THE FOLLOWING LETTER, LATELY DISCOVERED, WAS WRITTEN BY SHAKESPEARE TO HIS MISTRESS JULIET HADHERWAY.

Dear Juliet,

It is never easy to part, such sweet sorrow, but I shall remember you fondly. To your father Shylock I tender my regards.

Our nuptial vows were a tabernacle of veneration to me that I never strayed far from but when I learnt that you had an affair in Italy with the Moor called "Othello" I am afraid, I could not contain my anger. To have a rival who is a fellow Freemason such as my good brother Francis Bacon... an incorrigible womaniser, is one thing; and you must give me praise for having overlooked the transgression; but to have a rival who is not a Freemason but is black as soot, to boot, and foreign, is more than I can ingest. I am afraid I must divest myself of our intimacy for the sake of my English heritage.

Indeed, as I reflect on my properties and general holdings, I must confess that you are a most desirable wench irrespective of your magnanimous dowry; with strong child-bearing hips broad and welcoming as the Nile at full flood; thou boasteth also a concupiscent and playful spirit worthy of any mare, teeth that were ne'er made to munch on pigs' feet, breasts to feed a nation, as well as thighs sturdy enough to crush walnuts: I am sure you will find a more suitable mate if you but leave Venice; one with attractive calf muscles, comely eyebrows, and possible Masonic connections to the court of our gracious Queen Elizabeth; plus, one would hope against hope, a lucrative salary that your esteemed father would be proud of, if God speed. But I would urge you to give up the Moor who is prone to vicious jealousies and who may not be so understanding of your natural flirtatiousness as I have been. You have been warned.

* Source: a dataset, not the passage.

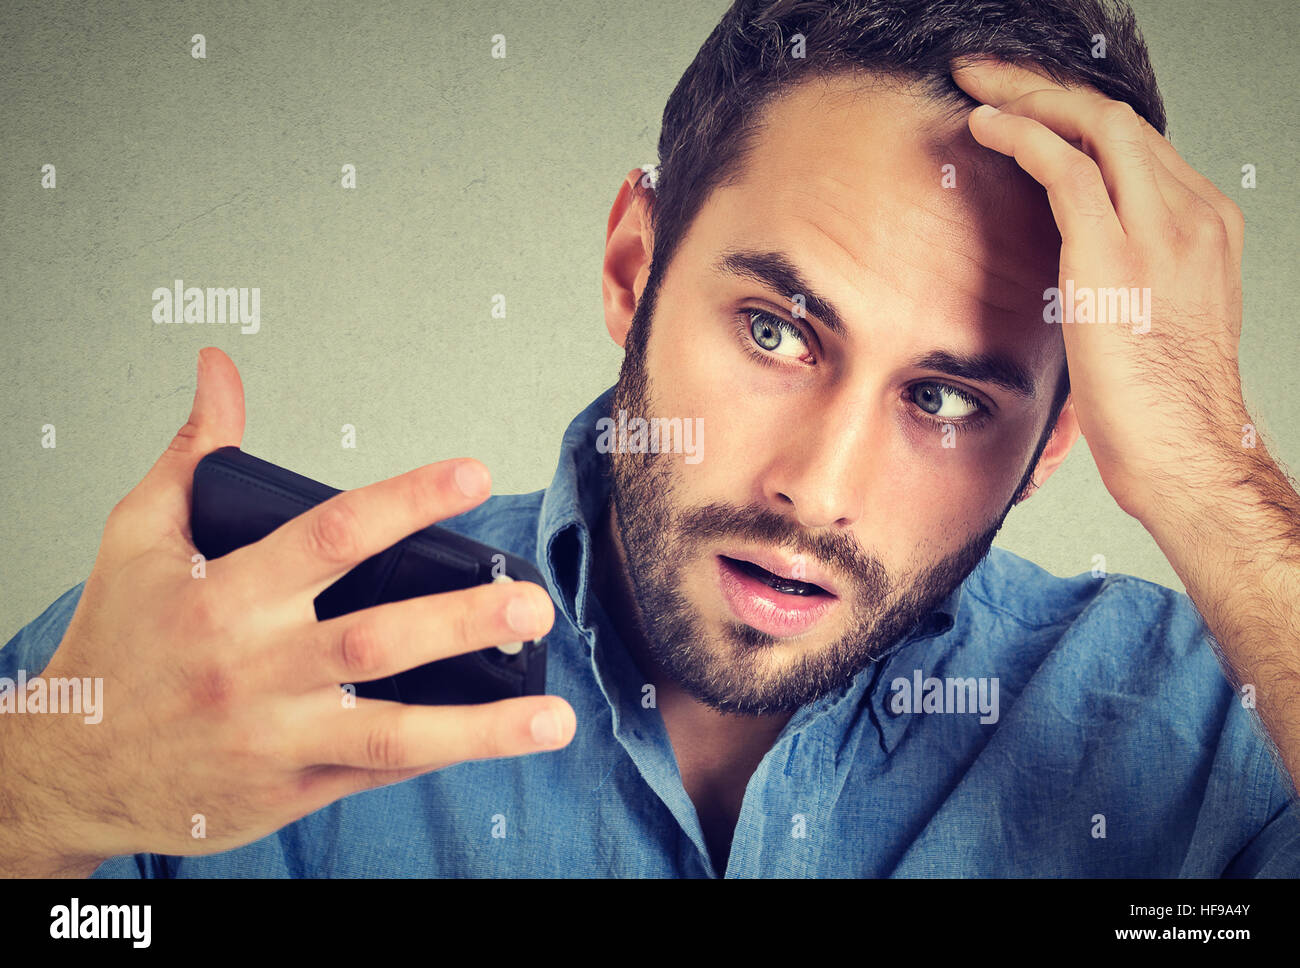 Preoccupied shocked man feeling head, surprised he is losing hair, receding hairline, bad news isolated on gray background. Negative facial expression Stock Photo

PS: The writing of plays is not harlotry as you announced as you left our bed some weeks ago; and I can assure you my actresses are not all whores, as rumour has it. We consider ourselves to be engaged in an honourable profession despite what the press may say. Look out for my forthcoming play "Hamlet" in which I hope to express my misgivings and doubts about harlotry in general and our unfortunate liaison in specific. If I turned my back on your suggestion that I give up my noble art to take up the more profitable profession of embalming I sincerely hope posterity will acquit me.

With Kind Regards,
Will Shakespeare

The funny story above is a satire or parody. It is entirely fictitious.